The given series is:

$\sum_{n=1}^\infty \frac{2^n}{n!}$

To determine whether the series is convergent, divergent, oscillating, or monotonic, we analyze it as follows:

Step 1: Recognize the series structure

The series resembles the general exponential series:

$e^x = \sum_{n=0}^\infty \frac{x^n}{n!}.$

If we take $x = 2$, the exponential series becomes:

$e^2 = \sum_{n=0}^\infty \frac{2^n}{n!}.$

Step 2: Adjust for the starting index

The given series starts from $n = 1$, whereas the exponential series starts from $n = 0$. Therefore:

$\sum_{n=1}^\infty \frac{2^n}{n!} = \sum_{n=0}^\infty \frac{2^n}{n!} - \frac{2^0}{0!}.$

Simplify:

$\sum_{n=1}^\infty \frac{2^n}{n!} = e^2 - 1.$

Since $e^2$ is finite ($e \approx 2.718$), the series sum is also finite.

Step 3: Conclusion

Because the series sums to a finite value, it is convergent.

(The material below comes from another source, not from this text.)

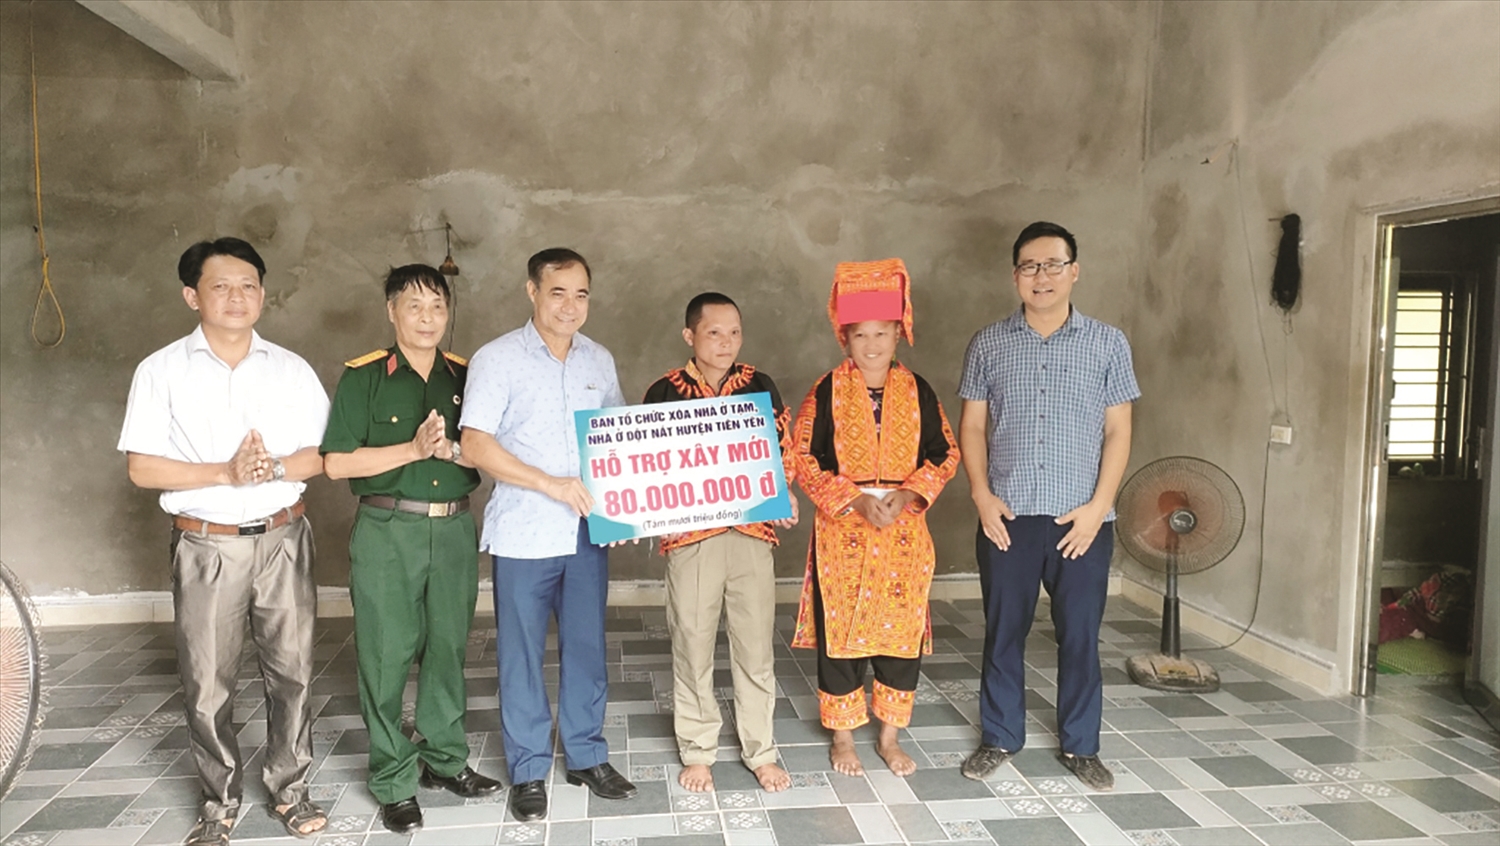 Lãnh đạo huyện Tiên Yên trao kinh phí hỗ trợ xây nhà cho hộ ông Chíu Chăn Sềnh, thôn Đoàn Kết, xã Hà Lâu.

Correct answer: (A) Convergent

Do you want a detailed explanation of exponential series or any related topic?

Related questions:

1. What is the exponential series, and how does it converge?
2. How does the ratio test determine the convergence of a series?
3. Can you generalize the convergence for $\sum_{n=1}^\infty \frac{x^n}{n!}$?
4. What are the conditions for a series to be monotonic?
5. What is the difference between absolute and conditional convergence?

Tip:

The exponential series $e^x$ converges for all real values of $x$, making it a very useful tool in analyzing similar series.